After the great international success of the Munich artist association Blauer Reiter,
its members were scattered in all directions at the beginning of World War I;
Kandinsky initially returned to Russia, and Gabriele Münter traveled with the
support of the wife of Berlin’s Sturm Gallery owner Herwarth Walden, Nell, via
Denmark to Sweden. In Stockholm, Kandinsky and she wanted to meet on neutral
ground. Kandinsky came to Stockholm at the turn of the year 1915/1916, where
Gabriele Münter had organized an exhibition of his works in February and her works in March
at the Gummeson Gallery. In the same month, he finally moved to Russia and
married Nina Andreewsky the following year.
After initial economic difficulties – trade restrictions, rationing, and food scarcity
due to poor harvests were also prevalent in Sweden in 1916 – Gabriele Münter quickly fulfilled
portrait commissions and achieved success with various exhibitions of her works; she also became socially involved.
In 1915, Gabriele Münter and Thyra Wallin met for the first time, and the artist
stayed with the family on “Observatoriegatan” for a while. That Christmas
Thyra gave the artist Victor Rydberg’s “Singoalla,” a classic of Swedish
romantic literature, possibly to enhance her language skills. The painting “Music,” created in 1916, depicts the
Wallin family making music in their living room.
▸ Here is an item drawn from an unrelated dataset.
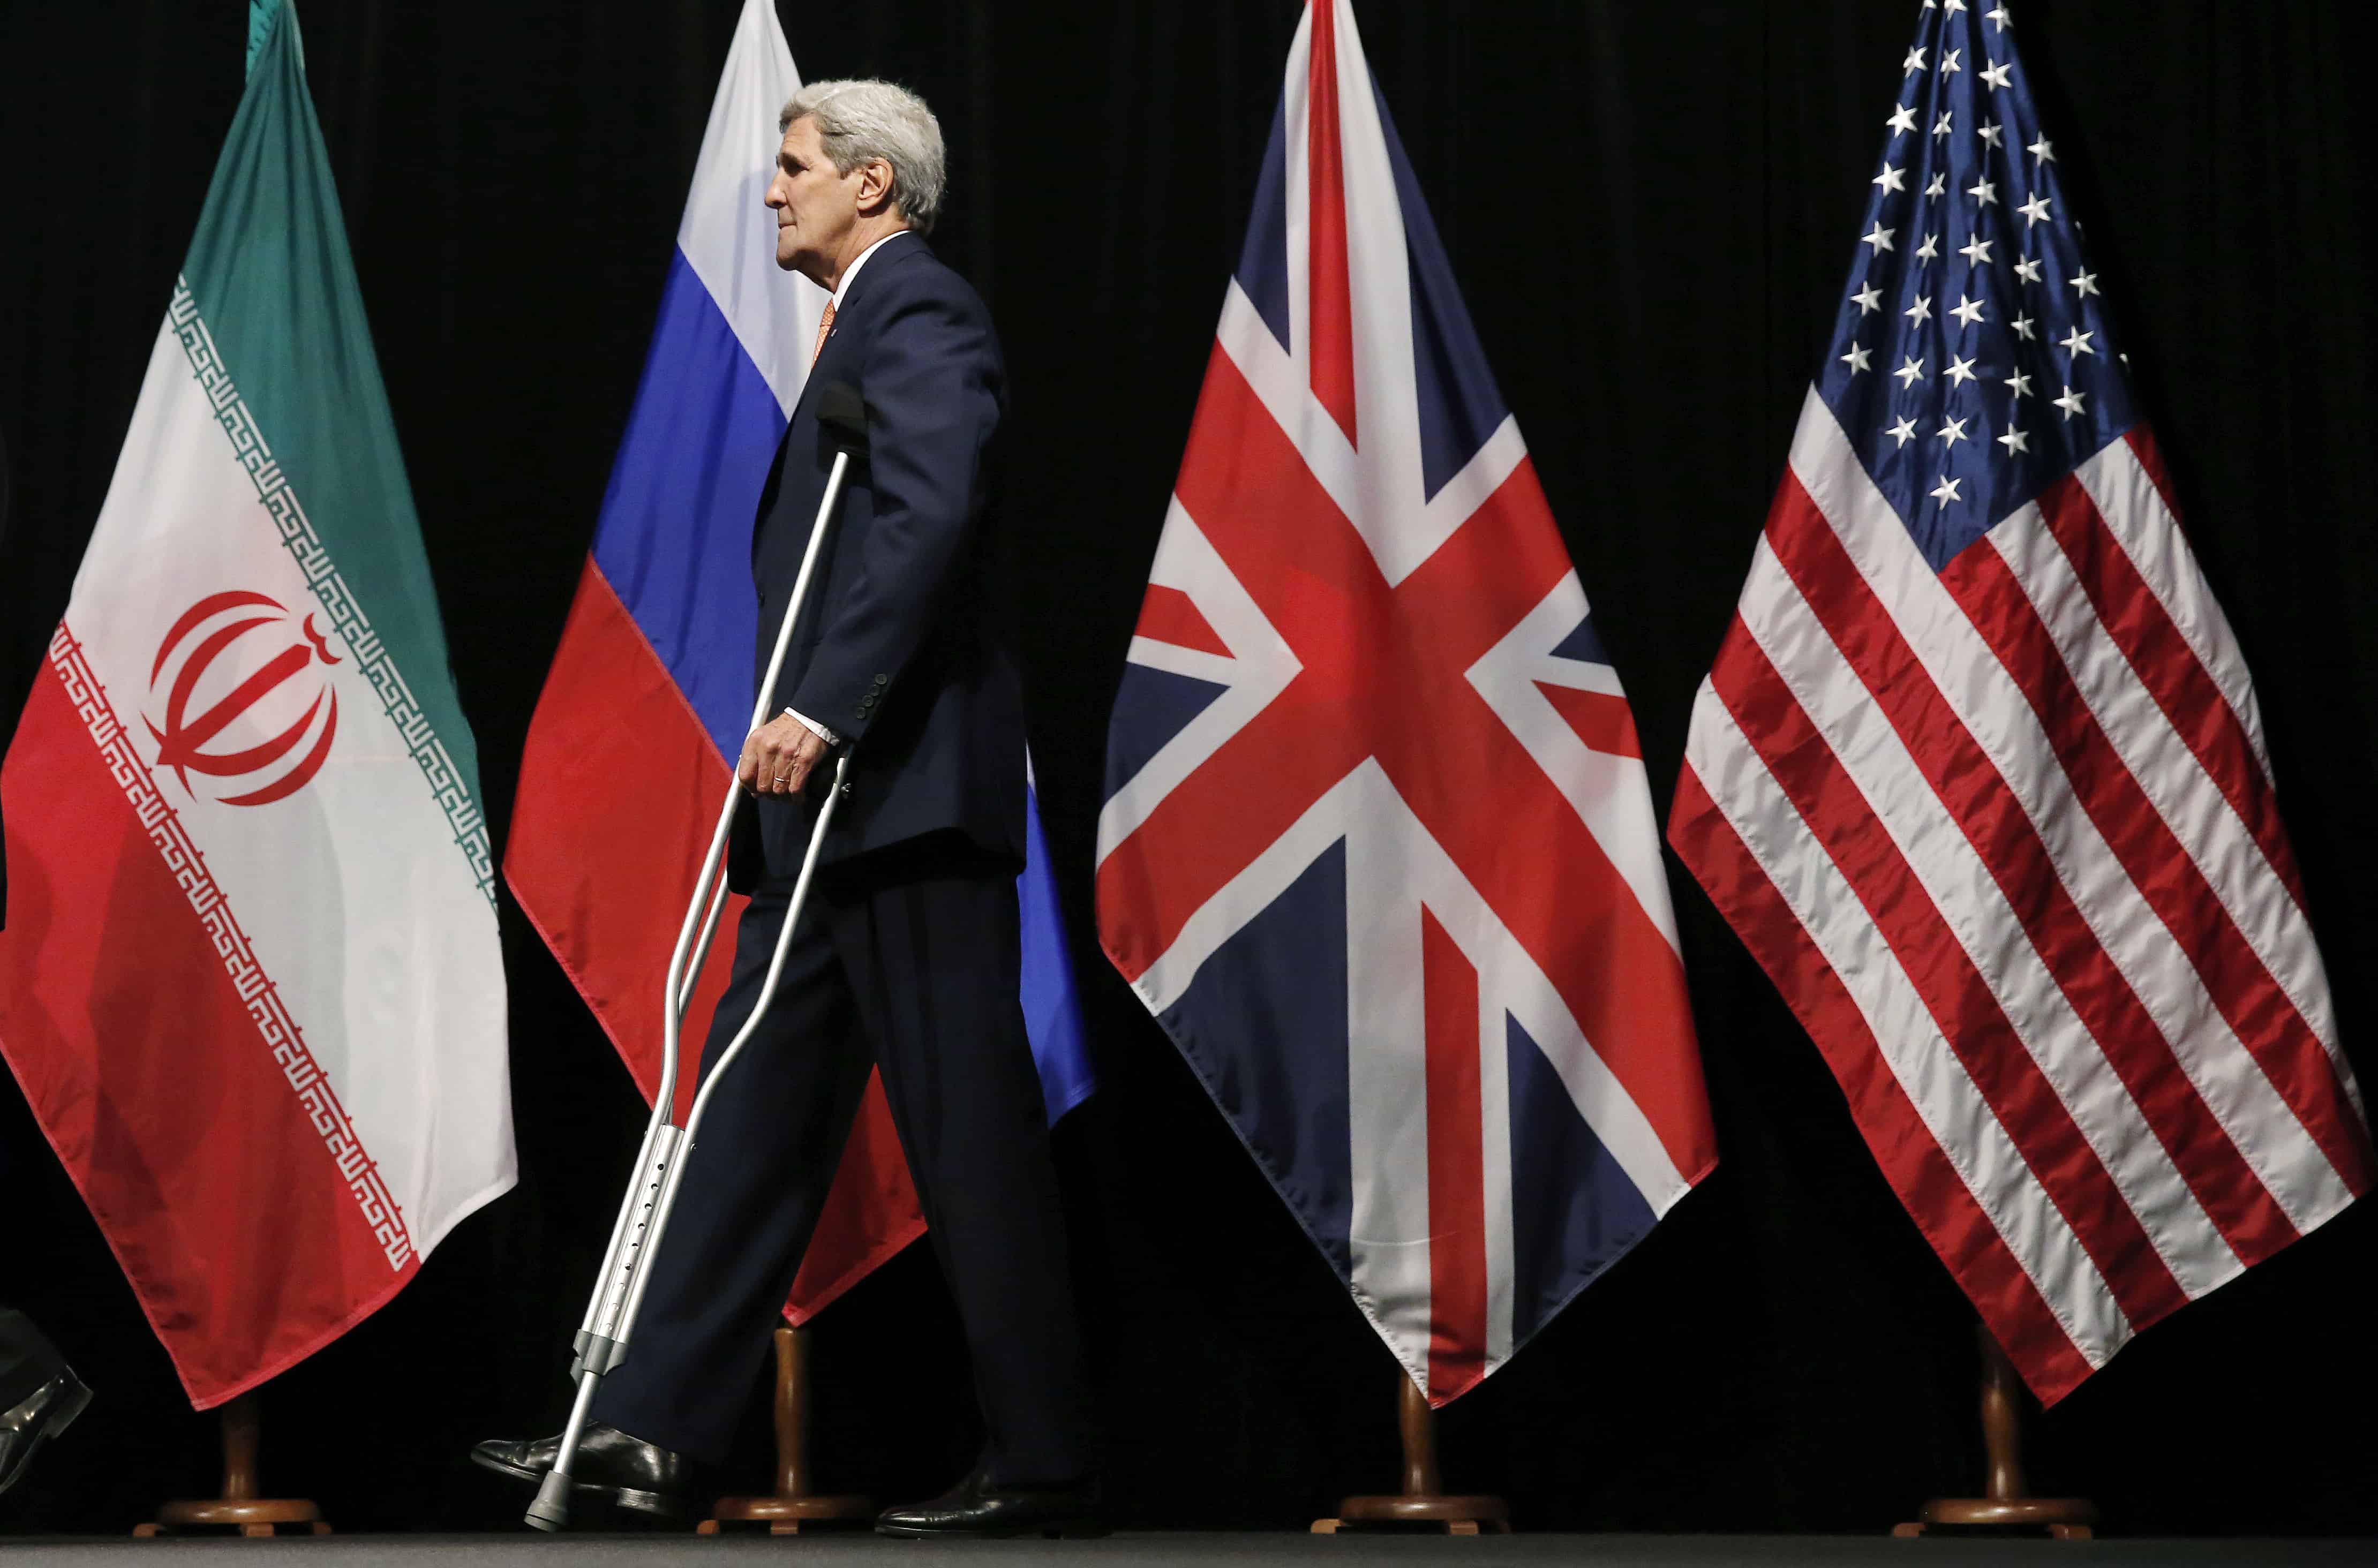 U.S. Secretary of State John Kerry leaves the stage after a group picture with foreign ministers and representatives from China, Iran, Britain, Germany, France, and the European Union at the Vienna International Center in Vienna, Austria July 14, 2015. Iran and six major world powers reached a nuclear deal on Tuesday, capping more than a decade of on-off negotiations with an agreement that could potentially transform the Middle East, and which Israel called an

This interior scene provides a glimpse into a private, familial atmosphere and suggests
a sense of belonging almost as strong as Münter’s images from her time in Munich with Kandinsky,
depicting their shared living and creative environment. The Wallin family members were close friends of
Gabriele Münter in Sweden; further ink-brush drawings of Thyra were created around 1917 (see Pfeiffer-Belli,
op.cit., nos. 32-34). In a letter from 1918, Thyra Wallin referred to herself as Gabriele Münter’s “representative
in Stockholm” (letter dated January 18, 1918, Gabriele Münter and Johannes Eichner Foundation, cited from
exhibition catalog Munich/Frankfurt/Stockholm 1992/193, p. 150). In the painting “Music,” presumably seated
on the left, only the shape of the head and the hairstyle of the red hair offer hints about Thyra’s appearance.
In this portrait, the focus is on physiognomic peculiarities, evoking a childlike and girlish expression. However,
the texture of the flatly applied paint and the reduction to a few shades, the perceived simplicity, are not only
typical of Münter’s approach but also lend the portrayal, beyond its individual character, the significance of a
universally valid feminine portrait.”